Had a so-so schooling session yesterday and today on Hattie...she is very ploddy and does not want to go forward at all. She HATES schooling but unfortunately, the lane is all snowed over with hidden ice underneath so it's not safe to hack out and I don't jump any more so can't break up our flat work sessions with a bit of jumping. I may try putting down some trotting poles on the ground just to make Hattie think she is jumping to get her interested a bit more! We had a shuffling bit of a canter on both reins yesterday..blah..I need lessons again as my riding is ATROCIOUS!!
I took some padding off of the Vetrap queen I made and re-wrapped my fixed head to make it a bit more comfortable. I think it's making my right leg a bit more solid and I was practising keeping my right leg against the saddle which is useful for circles and stopping her from drifting as she can feel the pressure on her left shoulder.
Our next dressage test is on January 16 (all being well with the weather!) so it's the Intro B test that we have been practising. Just to make a bit of a chance, we'll be using my friend's outdoor school tomorrow to practise our test. It's all snowed over and frozen so won't be trotting but we'll walk it instead. It will be good practise to work on the walking elements of the test and work on my position, then afterwards, we are having our Christmas Eve tack room party!
I came across this lovely and unusual side saddle on Ebay yesterday...

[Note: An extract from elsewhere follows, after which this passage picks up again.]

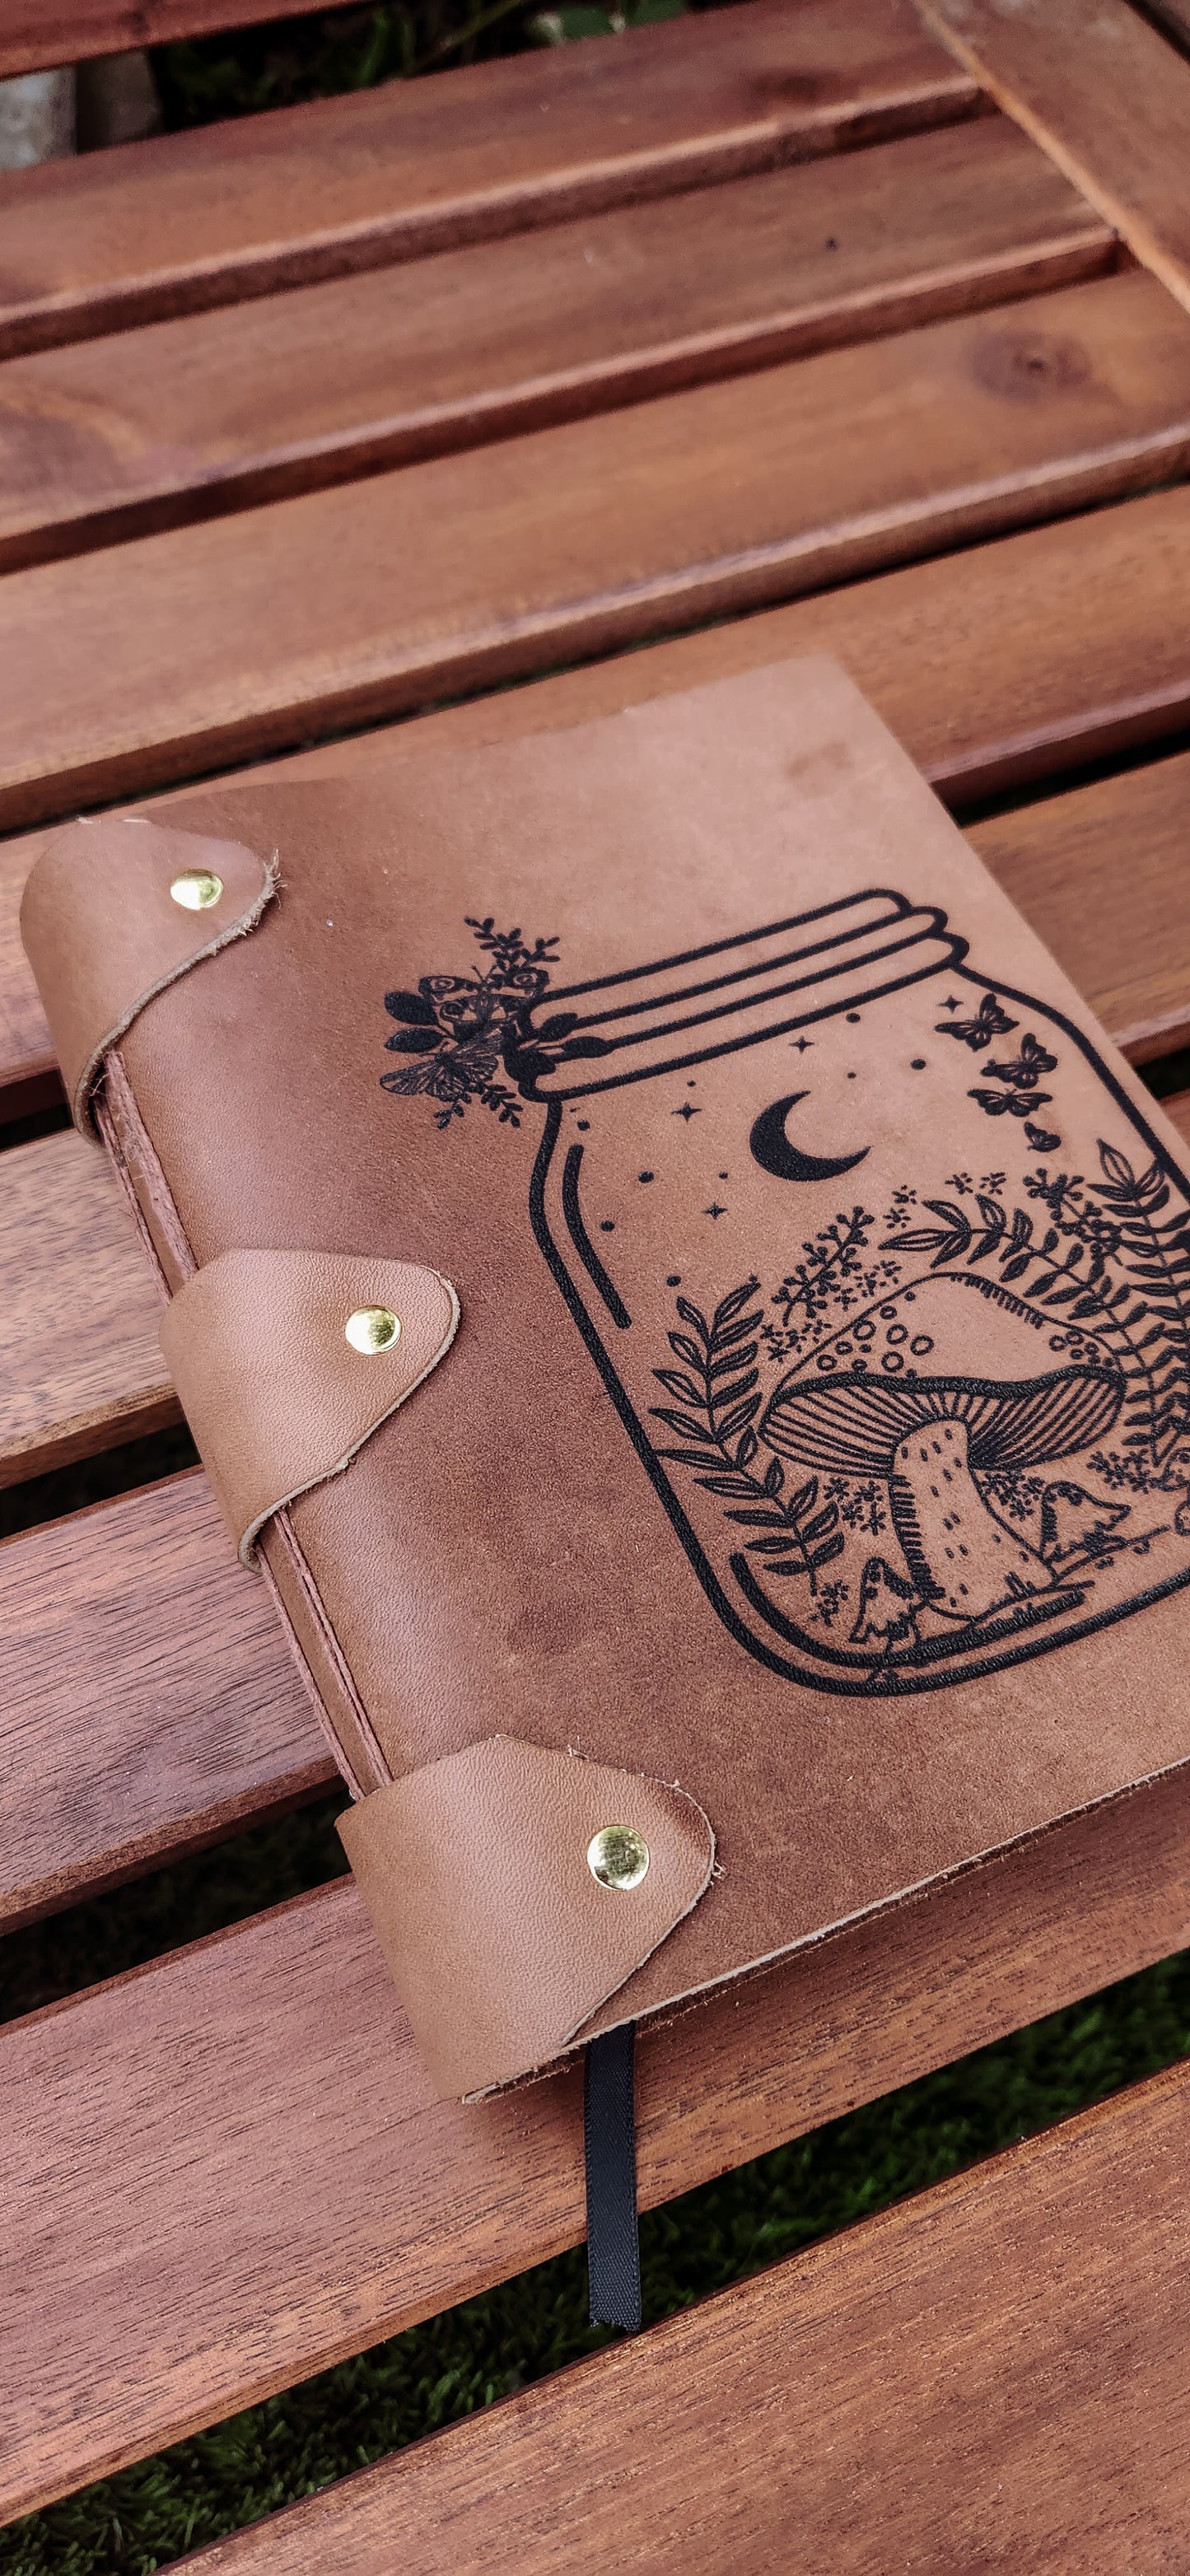 Mushroom bottle leather journal & sketchbook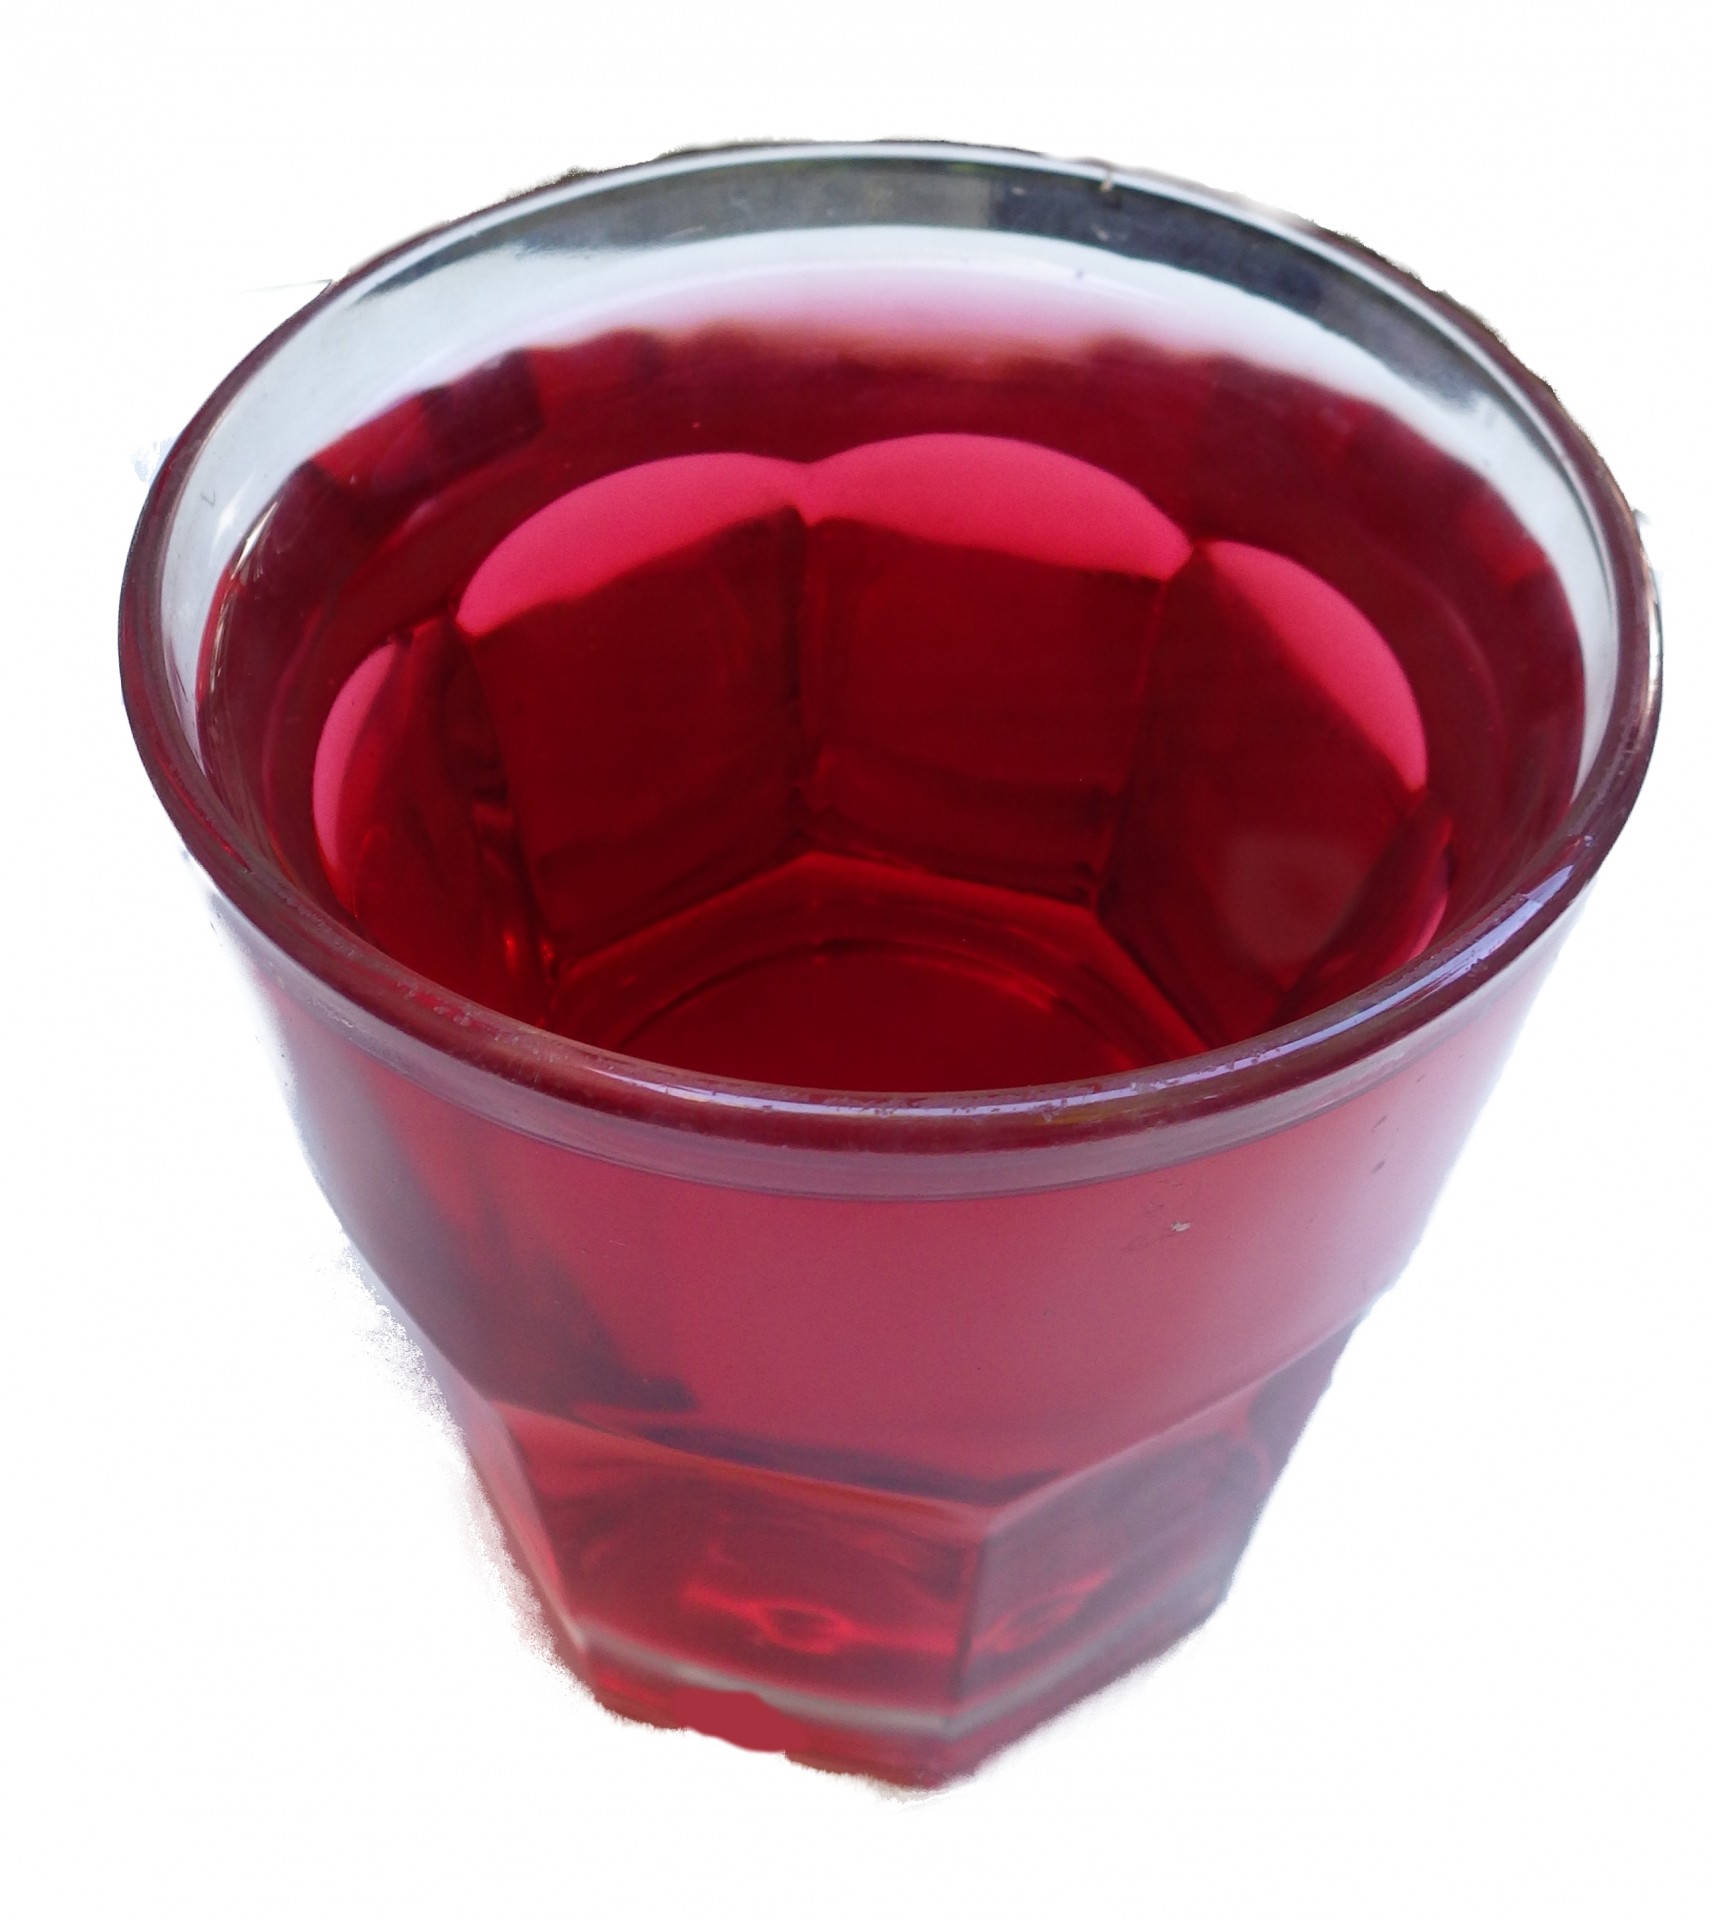 Spiced Cranberry-Apple Juice

The Ebay seller, describes it as being from the early 20th century and made by Whippy & Stegall (which were based at North Audley Street in London and were later bought out by Champion & Wilton in the 1940's).
What is unusual about it, is it's very short off-side flap! You don't see too many side saddles with such a short off-side flap but they seem to have been popular during the 1920's and early 1930's from the few examples I have seen in period photos.
I have a photo showing Mrs. Straker taken in the early 1930's riding in a near identical short flapped side saddle...
They seem to have been made that way to show off a horses' shoulder and had extra long billet straps on the off-side but what would be the point of having such a short off-side flap when the horses shoulder would have been cluttered up with buckles anyways? Strange!